Let me know how you get on. Sorry for the delay!

afadda91 commented 4 years ago

thanks a lot Jack. it worked to an extent. i still get some unlabeled genes.

Screen Shot 2020-01-28 at 12 58 11 PM
afadda91 commented 4 years ago

one more question, what do you consider a differentially spliced site in terms of delta PSI?

jackhump commented 4 years ago

You always get some unlabelled genes. Those in your screen shot look like artifacts with so many junctions.

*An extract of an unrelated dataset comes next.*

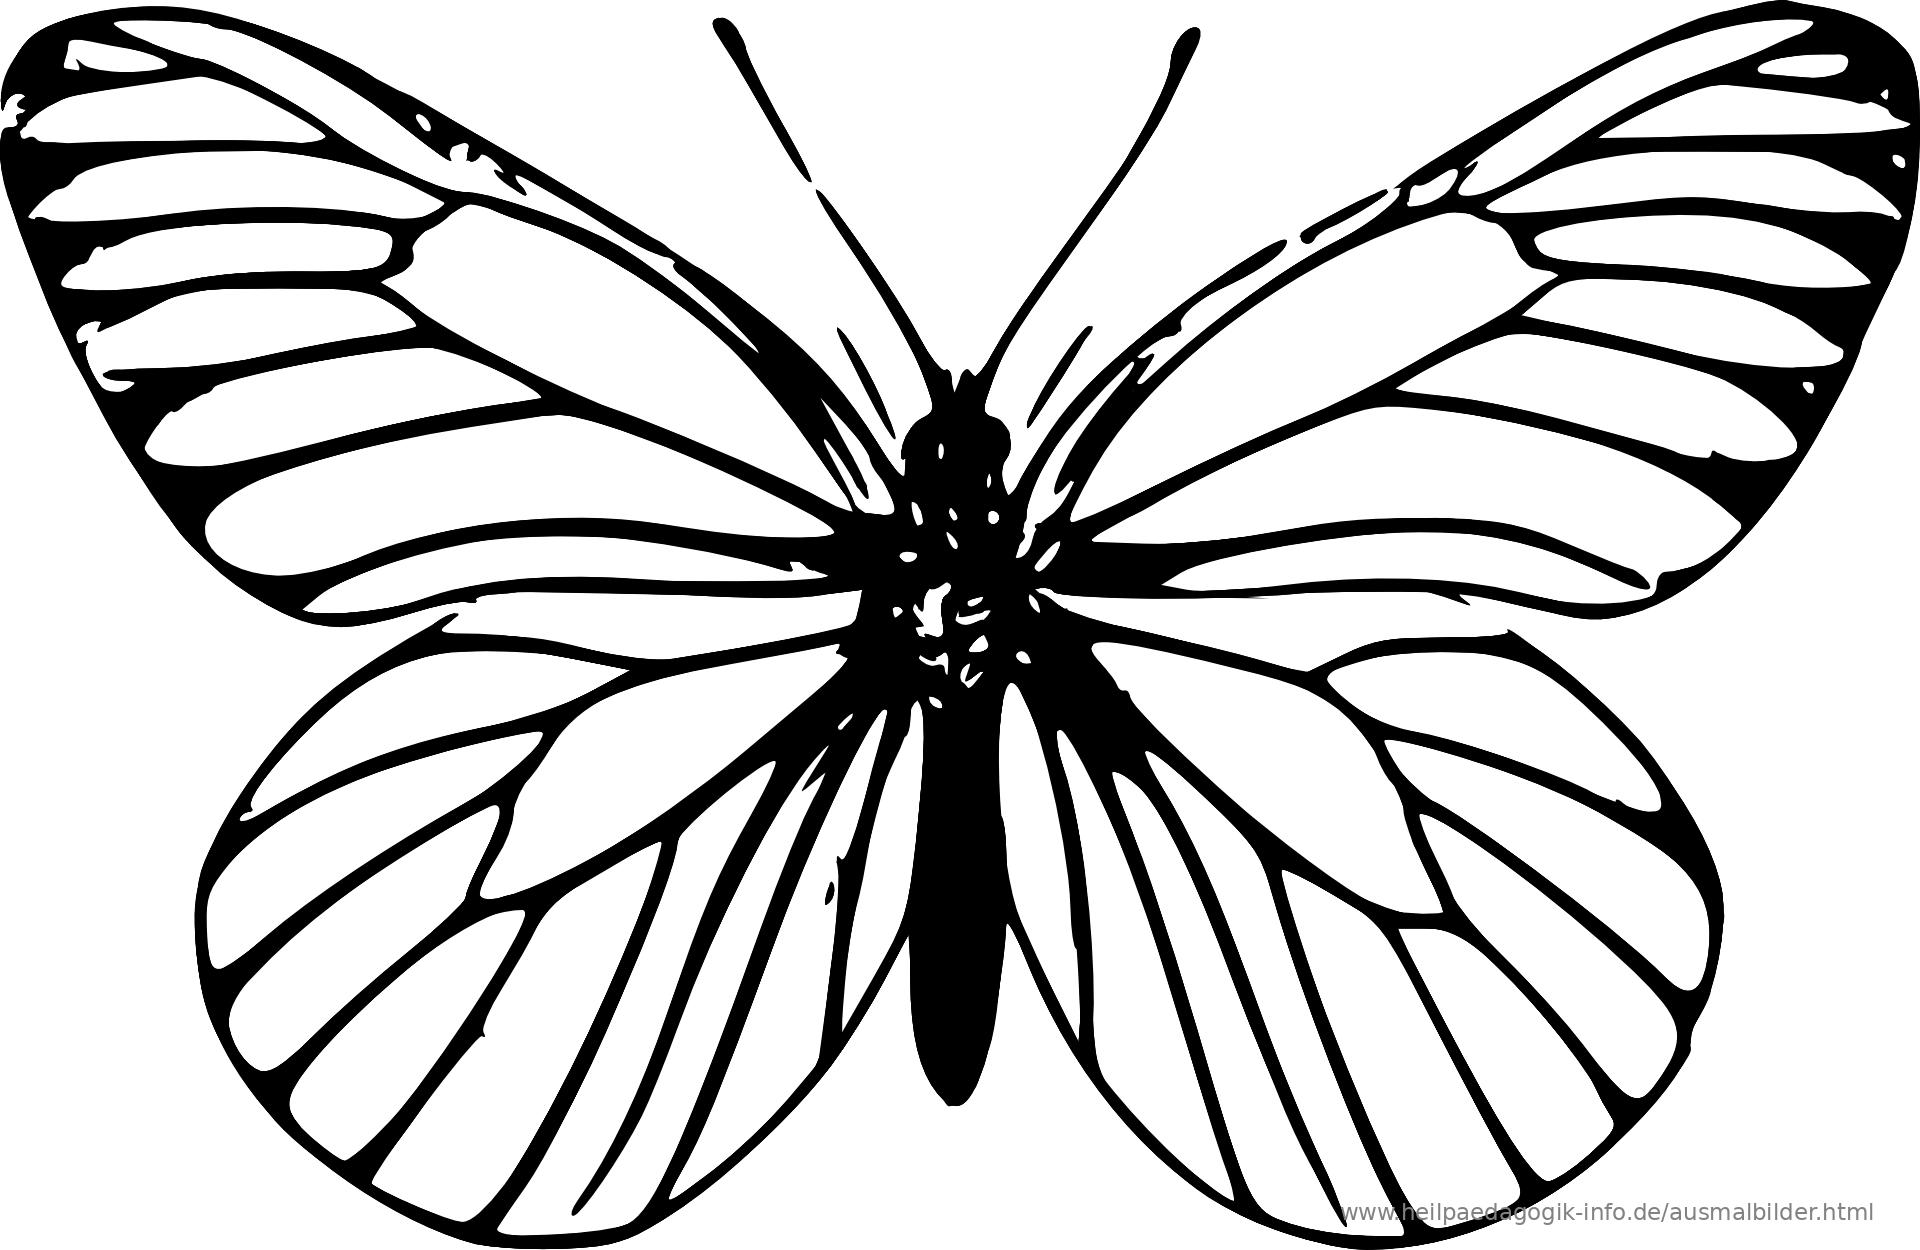 Ausmalbilder Käfer Schmetterlinge Insekten

For dPSI, the standard is a 10% change as that's about the limit for how small a change you can reliably validate with RT-PCR. But it depends on your dataset and what you'd expect to see. If you have a splicing factor knockdown in a cell line or you're comparing two very different tissues you may see dPSI of 50%-100%. But if you're looking in a big human cohort comparing some disease where splicing is indirectly involved you may only find changes of a few %, even if they have very low adjusted P values.

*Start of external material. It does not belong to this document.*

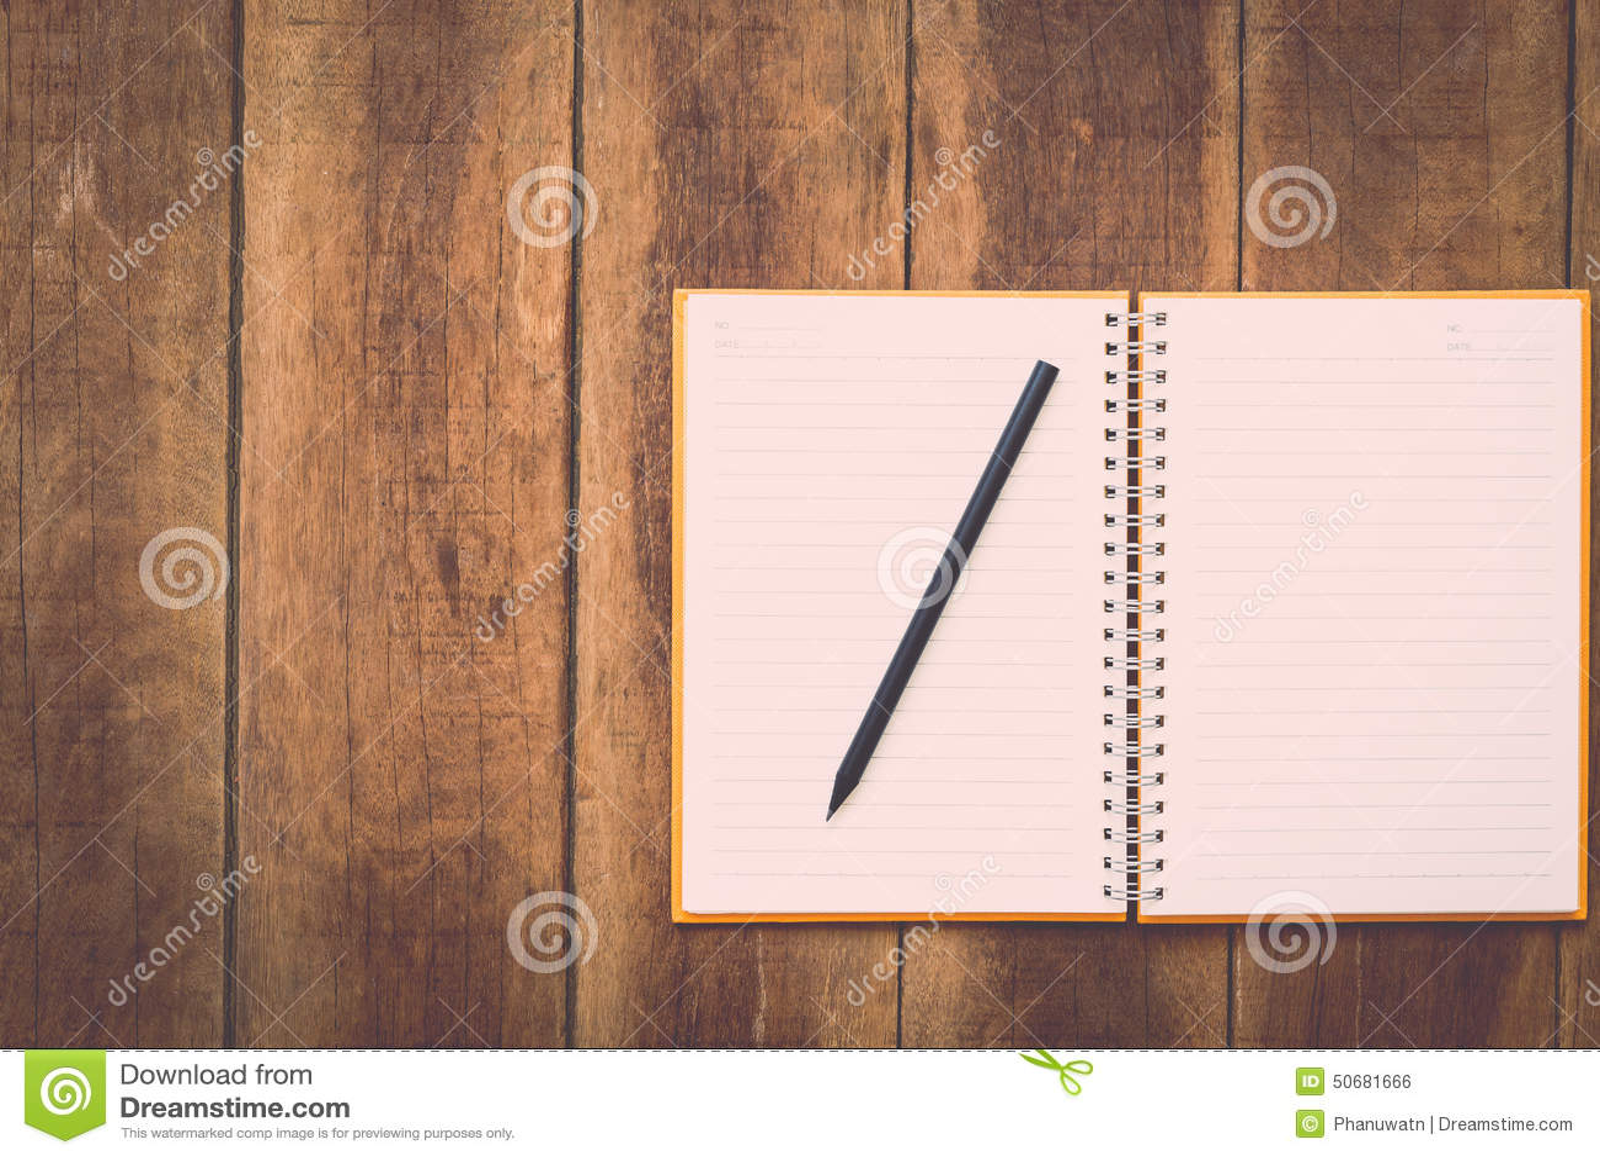 Download 笔记本和铅笔在木头 库存照片. 图片 包括有 笔记本, 空间, 木头, 钉书匠, 文件, 写生簿, 空白的 - 50681666

eternalapple commented 4 years ago

Hi, I have got the *significance.txt file, but it is not annotated(column "gene" is missing). Could you tell me how to annotate the intron cluster? Thanks! @jackhump @afadda91 @jungminchoilab

jackhump commented 4 years ago

Hi! You can use prepare_results.R as above to annotate each cluster with a gene name. Make sure to create the annotation file yourself using our perl script.